The ratio of self-centered lies to other-oriented lies changes when the conversation involves only women. In this case, other-oriented lies are as common as self-centered ones. More self-centered lies are told to men and relatively more other-oriented lies are told to women.

Lying as the right thing to do involves individuals with high-esteem and excellent interpersonal skills who often tell lies to be nice, especially to people they like. Which is it - a superior use of tact and diplomacy or is it dishonesty and deceit?

In reality, a less than sincere expression, a judicious omission of the truth, or a slight embellishment of the facts may actually be a kind, loving action to take.

White lies, conversation that is less than straight-forward, may be a needed social glue to prevent unnecessary hurt and conflict.

Too nice. Even so, there are problems with being too nice. Telling the truth fosters intimacy and friendship. People need honest feedback about themselves and their behavior.

When DePaulo arranged one of her experiments to encourage telling the truth as valuable and helpful feedback, one-fourth of the participants still refrained from stating their true opinions. It is easy to lie when the truth hurts.

Liars feel guilty. Even innocuous lies and altruistic lies leave a twinge of guilt and distress. Liars are not cold-hearted, mean or guiltless. When lies are told for good reasons, they still take an emotional toll.

Who tell lies? DePaulo found that with few exceptions, almost everyone stretches the truth from time to time. It is not a "us and them" proposition. It is a question of how many, when and the kinds of lies we tell.

DePaulo found that insecure, timid people who are lacking in self-confidence are less truthful. They are

too eager to please. They gear their remarks to what they think others want to hear. Fear of being judged or rejected leads to a defensive protection of self by covering up true feelings or opinions.

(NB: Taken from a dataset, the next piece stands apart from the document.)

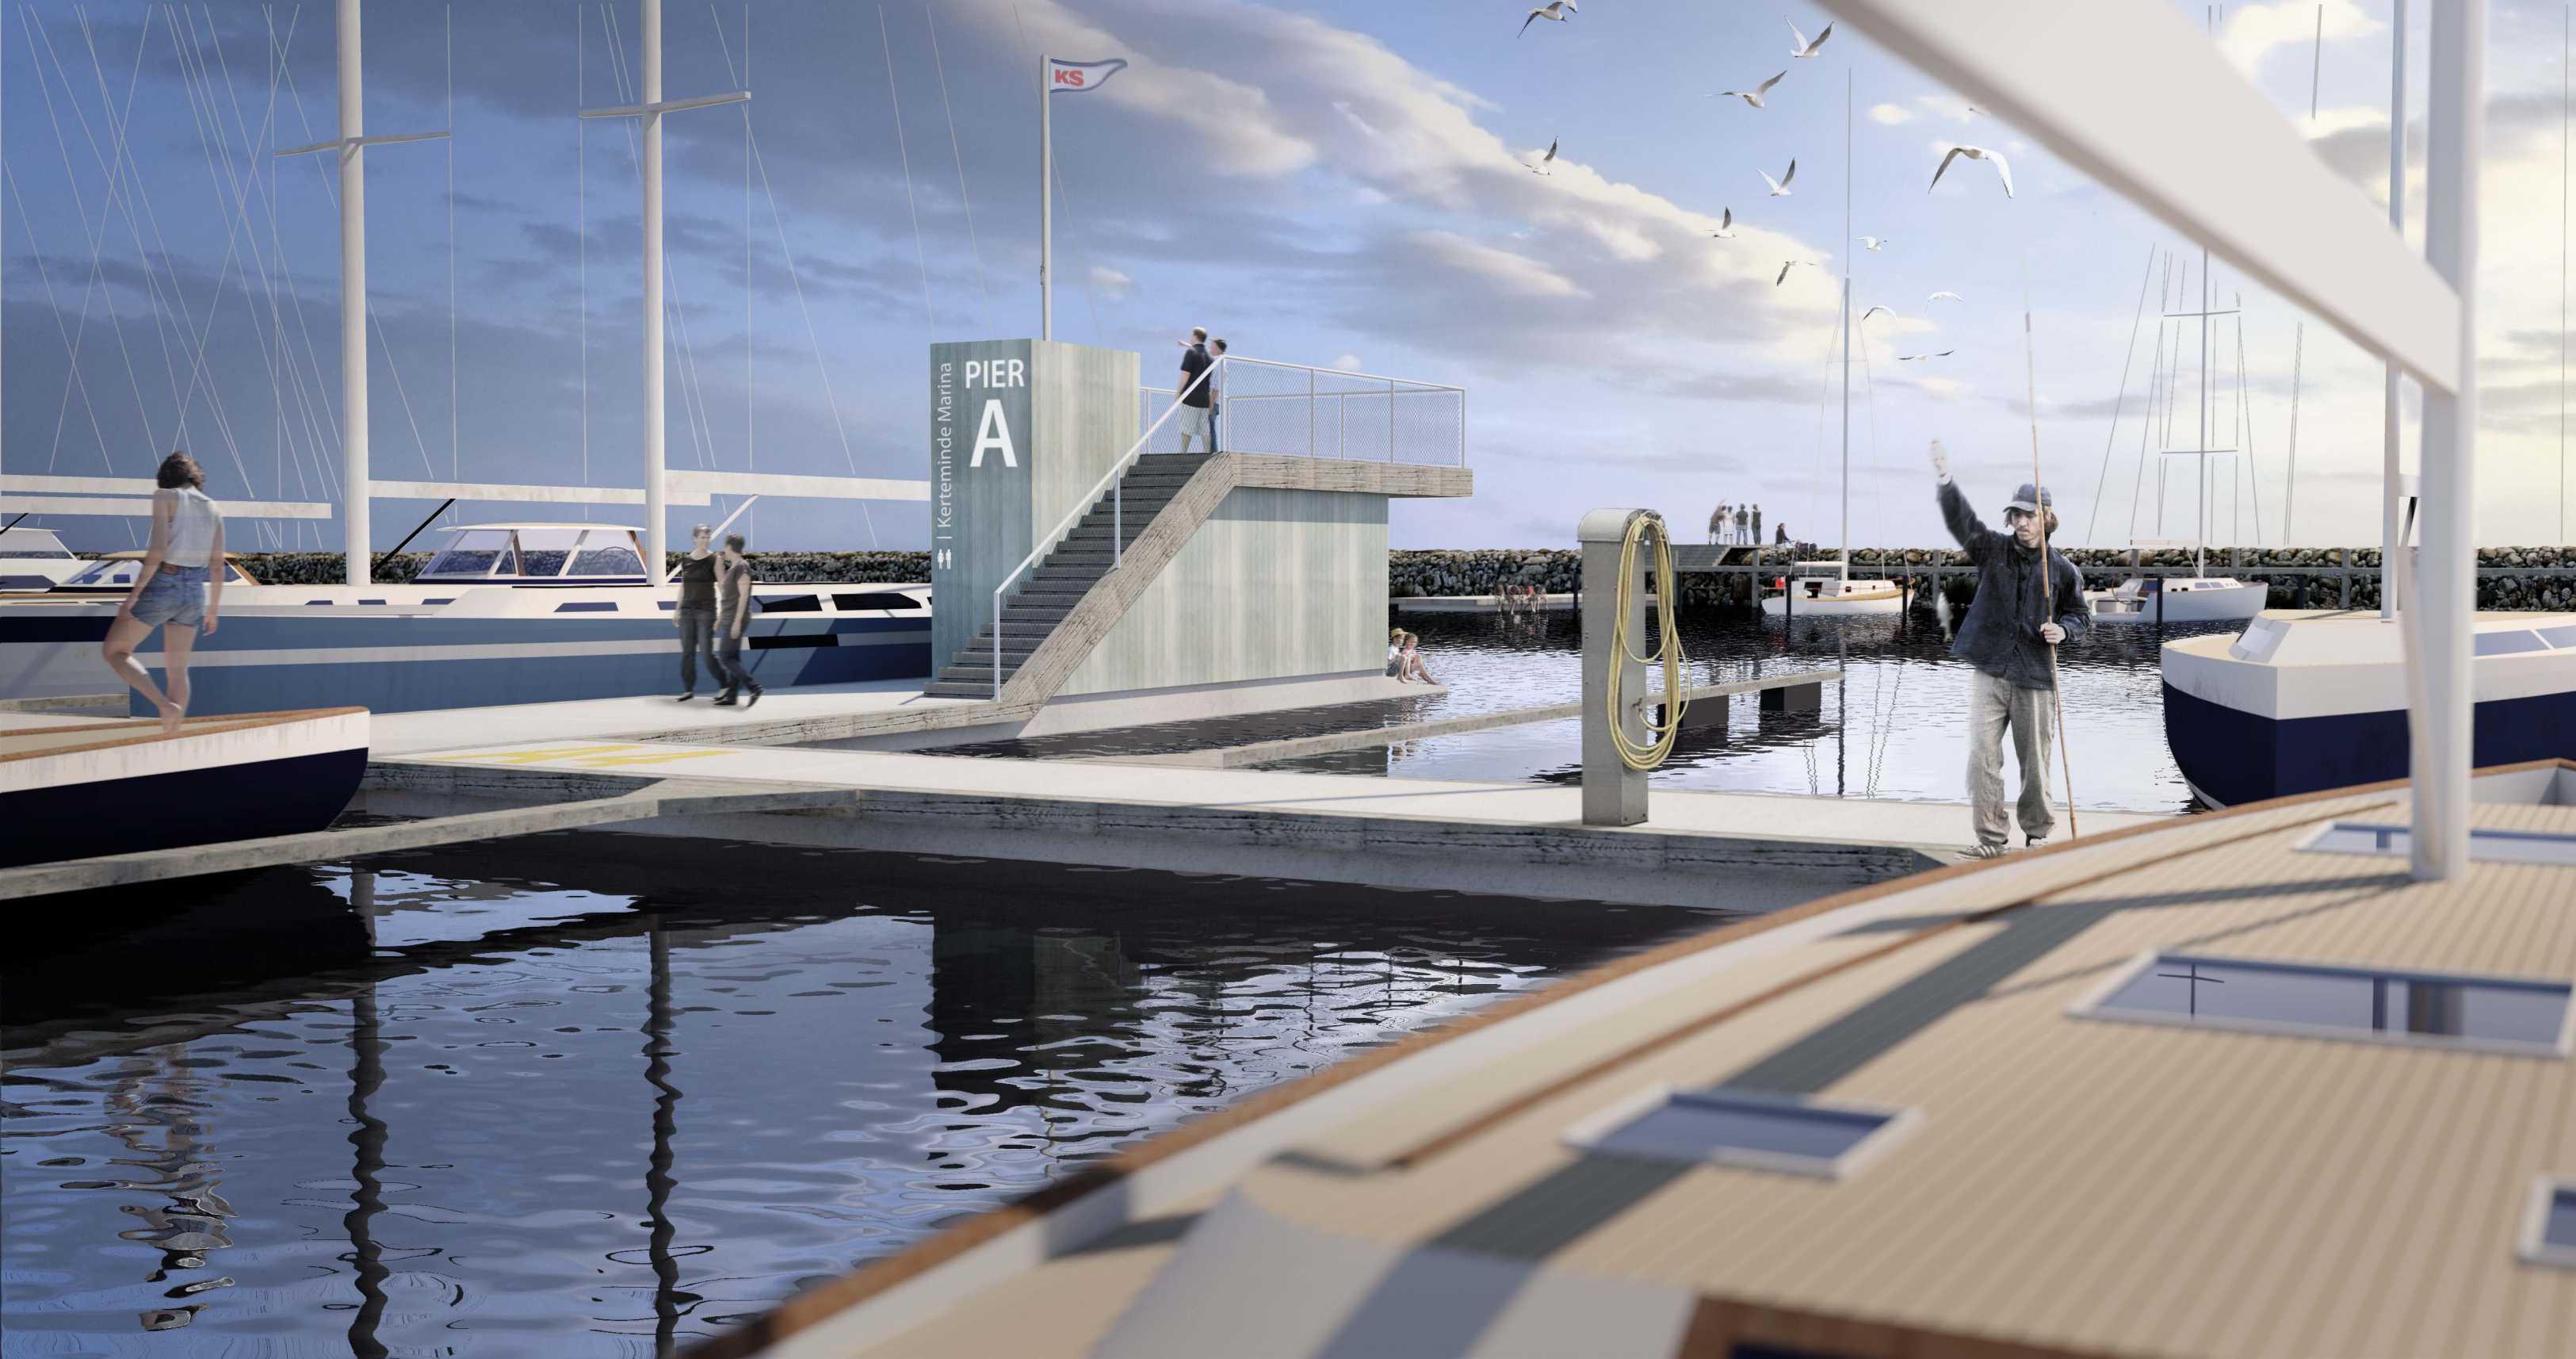 Havneplan, Kerteminde Marina, Strandkilen, Udsigtsplatform

Who do insecure people tell their lies to? Most likely it is to other insecure people like themselves. Why is that? DePaulo found that just like some people are prone to lie, others seem to invite lies being told to them.

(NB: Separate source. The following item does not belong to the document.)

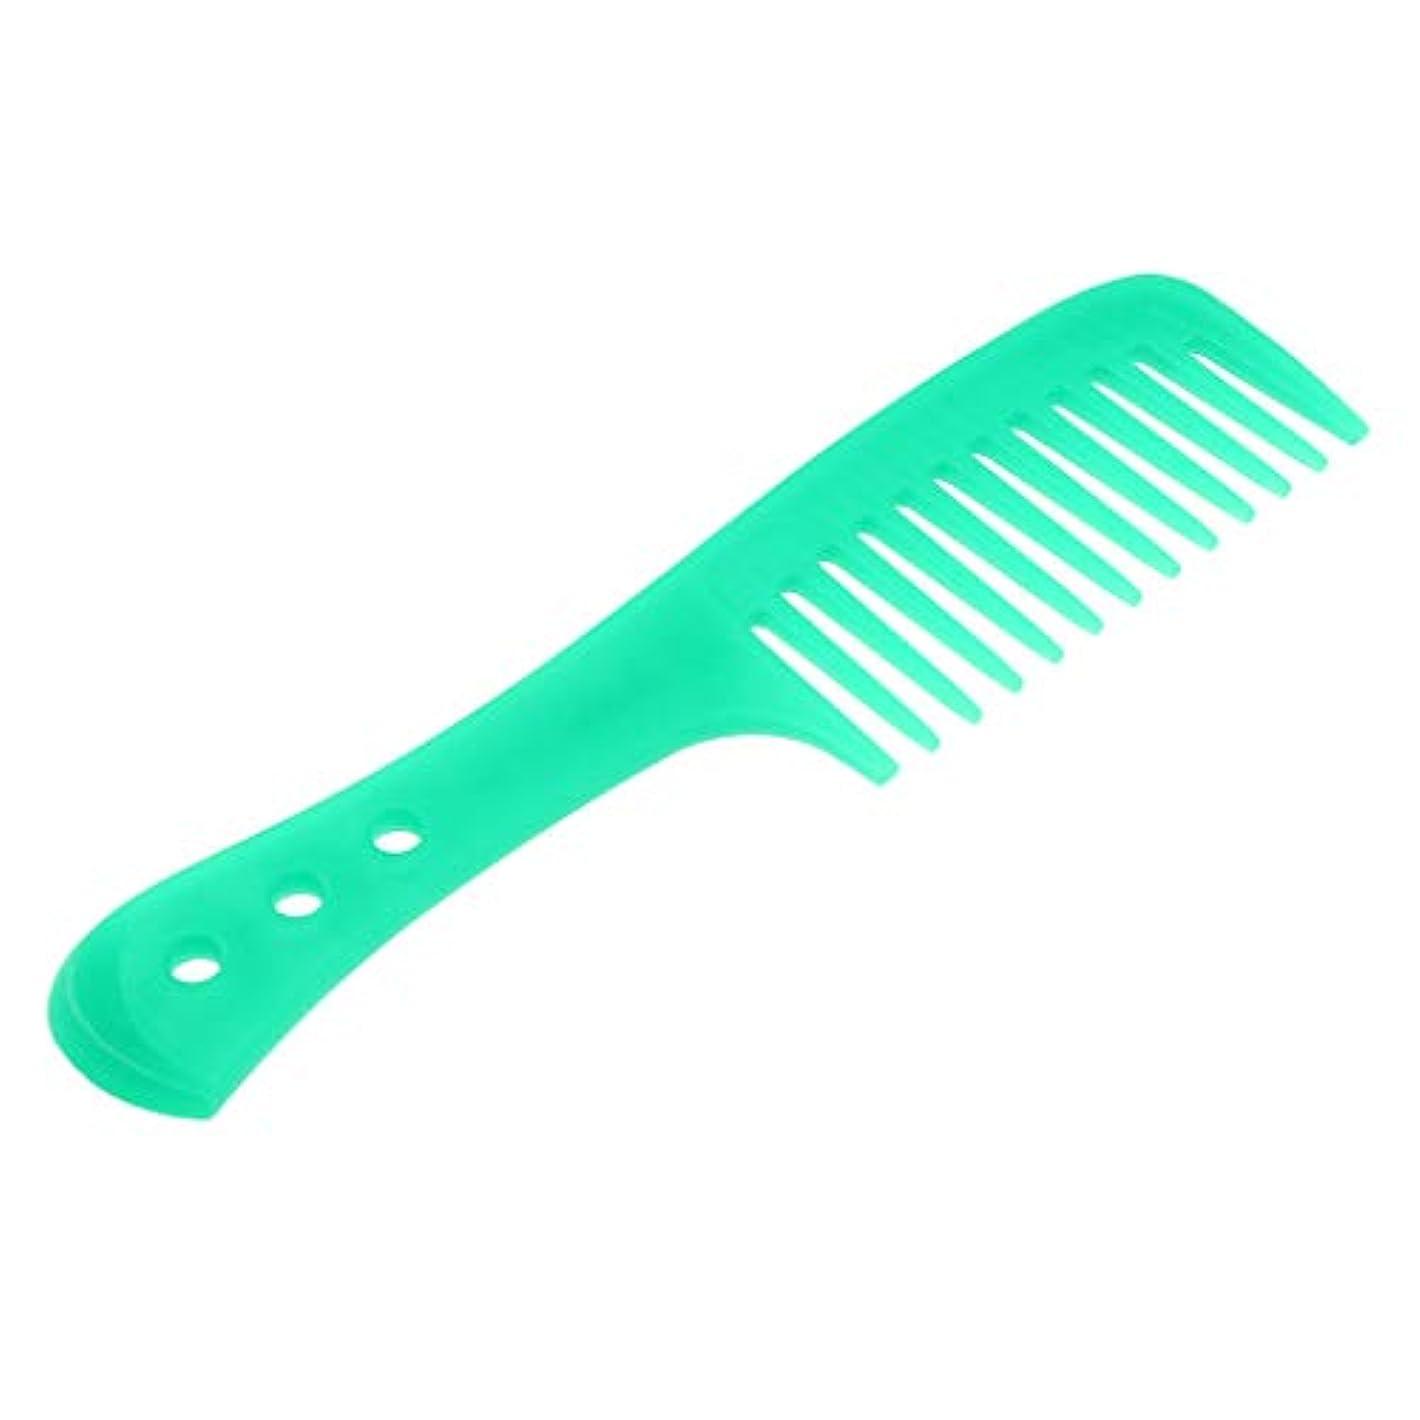 怒り慣れる電池SDENSHI 美容整形美容整形髪ブラシ - 緑

It is as if their vulnerability is so transparent that it is easier to lie to them than to tell the truth. The truth is hard to tell for fear that insecure people might be blown away by even modest puffs of criticism.

Lies in close relationships. Most lies are told to people we know slightly. Close relationships thrive on truth, honesty and trust. Truth and intimacy go together. It stands to reason that marriage should be a haven for truthfulness.

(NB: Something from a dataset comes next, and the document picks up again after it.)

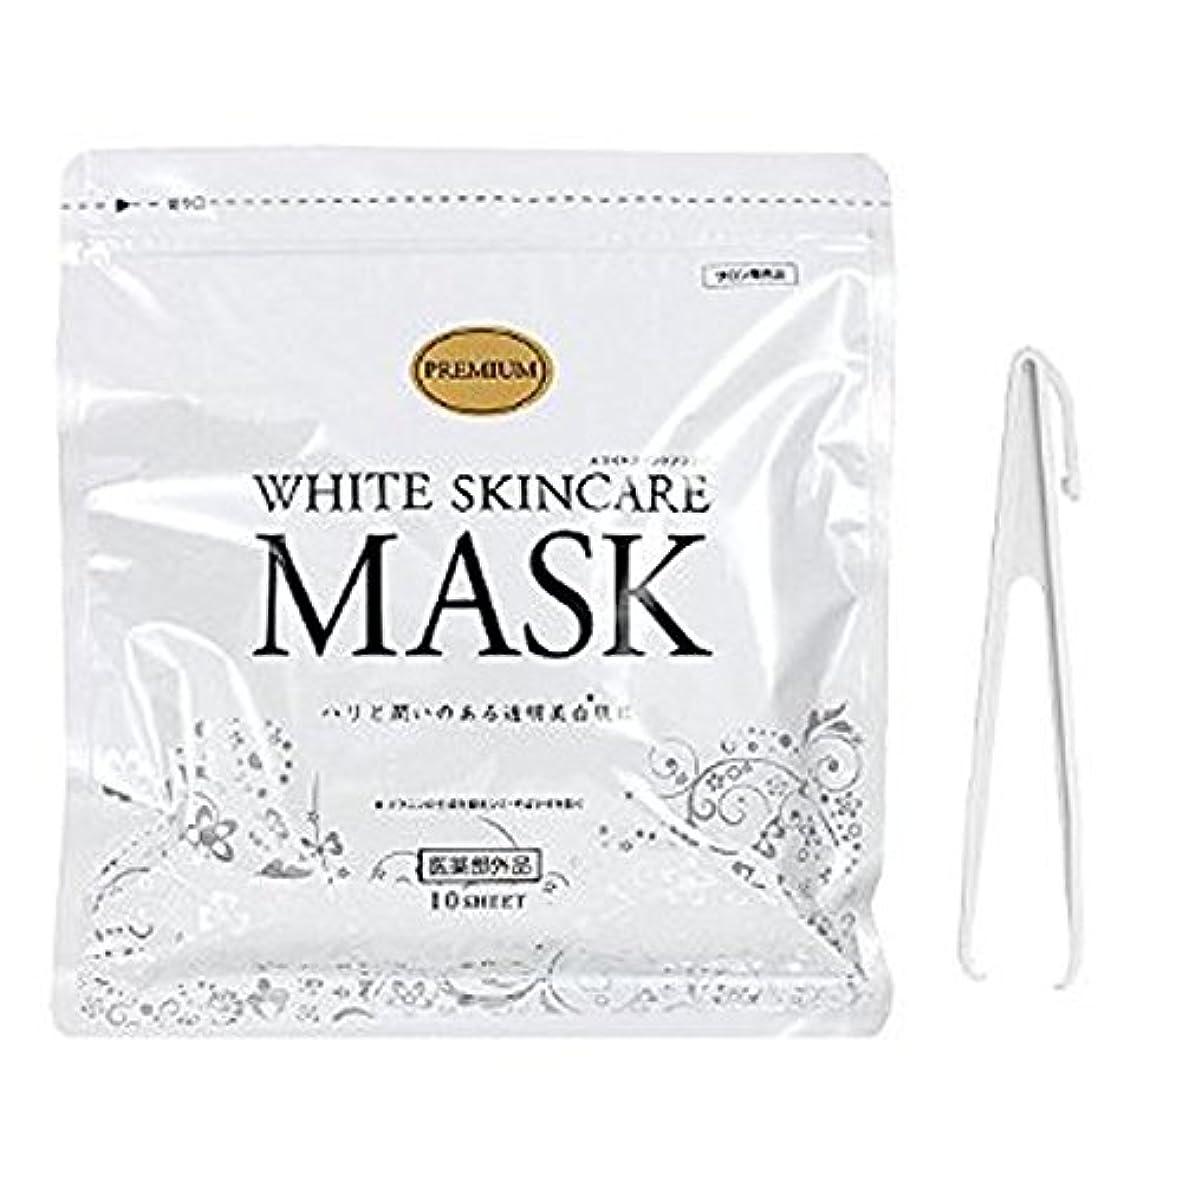 銛争い意図的ホワイトスキンケアマスク 10枚入

In fact, DePaulo found that indeed fewer lies are told to marriage partners. The relationships that had the fewest lies were between best friends.

People don't lie frivolously to people they care about. These relationships are deeper and more trusting because of honest communication. Social interactions in which lies are told are less pleasant and less intimate than those in which no lies are told.

Good relationships depend on a graceful acceptance of some differences and an honest confrontation of others. Most people do not regard their lies as serious and don’t plan them much or worry about being caught.

Serious lies. DePaulo studies serious lies, lies that violated deep trust and commitment. Two-thirds of these lies are told to loved ones - parents, spouses, romantic partners, and best friends - the people we care about.

In these situations, a liar uses lies to gain an advantage at someone else's expense. Lies told with cold and calculated intent can shatter the innocent in their betrayal of trust. As far as lies go, lies told to manipulate and exploit are a distinct minority. Perhaps as few as one lie in a hundred meets this category,

Forty percent of the people surveyed in DePaulo’s study remembered that the most serious lies ever told them were told in the context of courtship and dating. In romance, deception is almost the name of the game. In marriage, one-fourth of the serious lies told were told to hide an affair.

When do people lie? When the truth hurts, either to ourselves or others, we lie the most. The truth is hard to tell.